The French Laugh Next

DONALD RUMSFELD CHARGED WITH TORTURE DURING TRIP TO FRANCE | Center for Constitutional Rights

This is rather shocking news indeed. This indictment of Rumsfeld does not bode well for the rest of the Bush Administration. Those who had predicted that nobody in the Bush Administration will be able to travel abroad were absolutely correct.

Perhaps some will manage to deliver their expensive lecture through video conferencing. Then again, the “war against terror” may well be used by the indicting bodies to choke these communications as well. It tastes like justice. Turn about is fair play, many say.  

Jesus Did not Suffer for This

Christianity’s image taking a turn for the worse | Los Angeles Times

Over the decades, the question of whether rock and roll bands belong in a place of worship has befuddled many a religious or spiritual mind in this country. It comes as a shocking surprise to learn that even the believers–especially the “Christian” believers–are beginning to resent and even regret the transformation of religion to pop culture to which they have dedicated themselves. It seems as if the relegation of profound religious sacraments to inane 4/4 time rock medleys is making people sick of their own religion just as they tire of ephemeral pop songs. The political power plays of churches are starting to be perceived as corruption of religion rather than elevation of government. And relentless, uncompromising proselytizing is beginning to be perceived as a rude expression of insecurity rather than a noble act born of strength.

It would be ever so nice if the profound wisdom of the Founding Fathers of the United States–the wisdom with which they codified the separation of church and state–were to reassert itself again in the minds of the populace. The rediscovery of a principle so manifestly true by a people so thoroughly removed from the pragmatism that made the country successful will be testimony to the wisdom of the founders and hope for the population. Alas, one can not have either one or the other.

Officially Disastrous Cost of the Iraqi Conflict

Congressional Budget Office – July 2007 Testimony on the Costs of the Military Conflict in Iraq (pdf)

It was quite a few months ago when I began composing this post, and it seems as if the journalism community has finally caught on to the fact that the Congressional Budget Office’s phenomenal economic forecasts of the past two years have declared the Iraqi war an economic disaster. In fact, mainstream reporting on the costs of the military conflict in Iraq has been so abysmal that I am utterly shocked that somebody at Reuters finally bothered to look at numbers that are available to everyone through the CBO web site, and that somebody at Yahoo! had the good sense to put the bleeding obvious on the front page.

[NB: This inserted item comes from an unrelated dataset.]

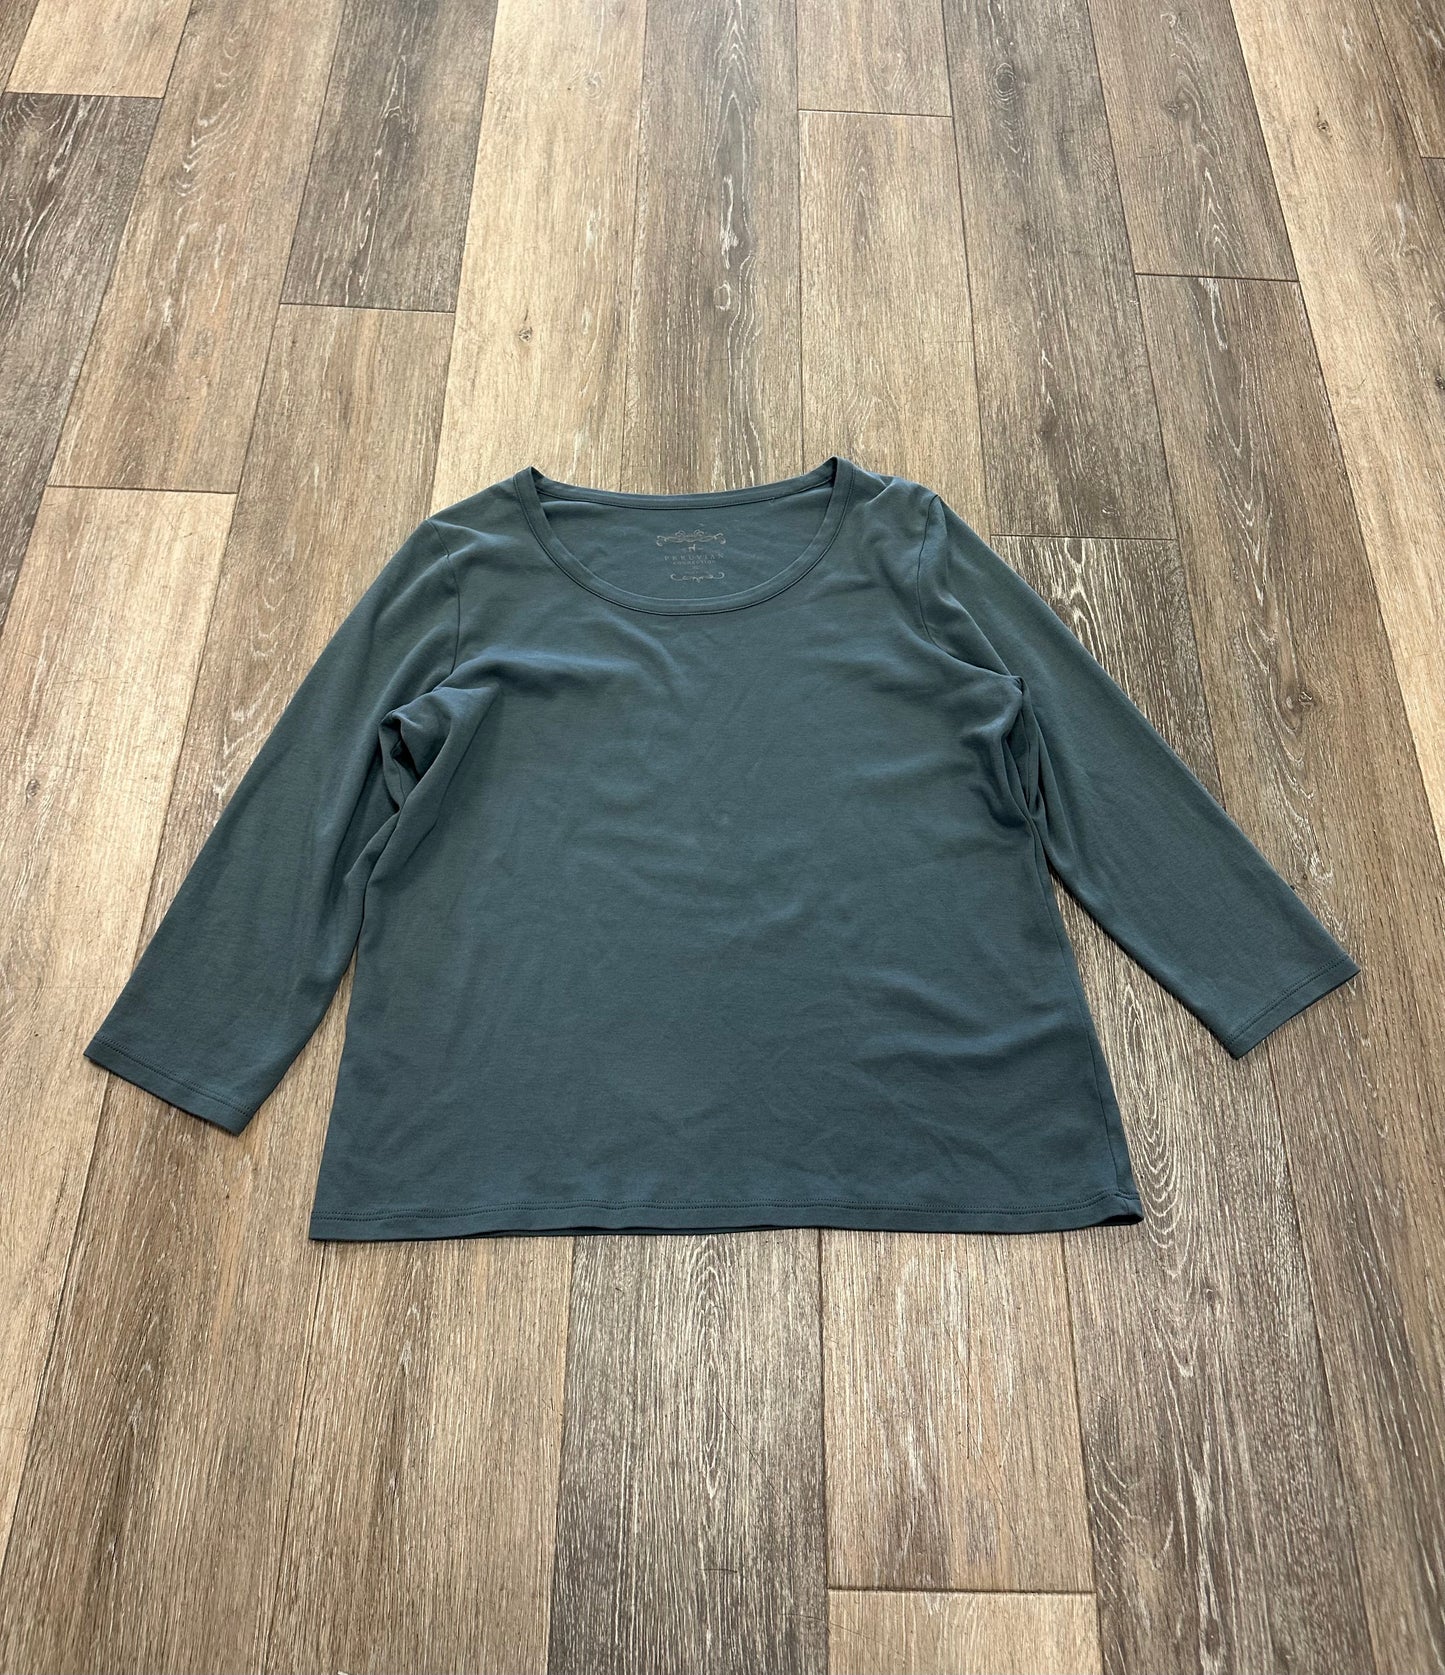 Green Top Long Sleeve Designer Peruvian Connection, Size Xl

What will journalists read next? Perhaps, that Clinton’s economic policies succeeded and Bush’s policies failed, as demonstrated in this budget projection (read chapter 1)?

It is true that the information age is here, and that most information is available to anyone anywhere. Nevertheless, it is also clear that mainstream news sources have gone out of their way to make themselves irrelevant. After all, it has taken them an entire year to report number that have been publicly available all along.

Silver Lining to California Fires?

BBC NEWS | Entertainment | Californian fires affect TV shows

The California wildfires of 2007 will rank among the greatest tragedies that the state has endured. The only positive outcome of this tragedy could have been the halting of the filming of some of the horrible shows that that pass for entertainment on American television. Alas, the producers of 24 managed to resume filming at their Los Angeles studio, instead. The Writer’s Guild strike is the only hope we have left.

Marriage and Testosterone

Getting married saps your testosterone | being-human | 18 October 2007 | New Scientist Space

The progressive lack of interest in sexual activity that follows marriage seems to have a biological basis. This study of Ariaal men in Kenya shows that testosterone levels in men decline as they take on additional wives. It seems as if the need to reproduce exerts a profound influence on testosterone levels in men, though this need alone does not account for the fact that having more wives results in greater declines in testosterone levels.

How to Reduce the Number of Abortions

Family Planning Reduces Abortion Rate | The Lancet

The most comprehensive study carried out to date demonstrates that education and easy access to contraception reduce the number of abortions. Hence, if the Bush Administration, the Vatican, and virtually every “pro-life” organization that exists are to be believed when they equate abortion with murder, then every one of them is committing mass murder–by their own reasoning–when they deny funding for sex education and contraception. By denying people sex education and contraception, they are increasing the number of abortions. Thus, they are contributing to mass murder, it would seem. 

Of course, those who do not subscribe to these extreme notions of “life” and the protections that it requires do not see a crime for which these “perpetrators” should be punished. Curiosity does drive me to ask, however, what punishment these groups prescribe for contributing to mass murder. 🙂 After all, many American pro-life groups equate the number of abortions to the Holocaust, and, if this Lancet study is to be believed, these “pro-life” groups are now faced with the reality that they are complicit in this embryo “holocaust”.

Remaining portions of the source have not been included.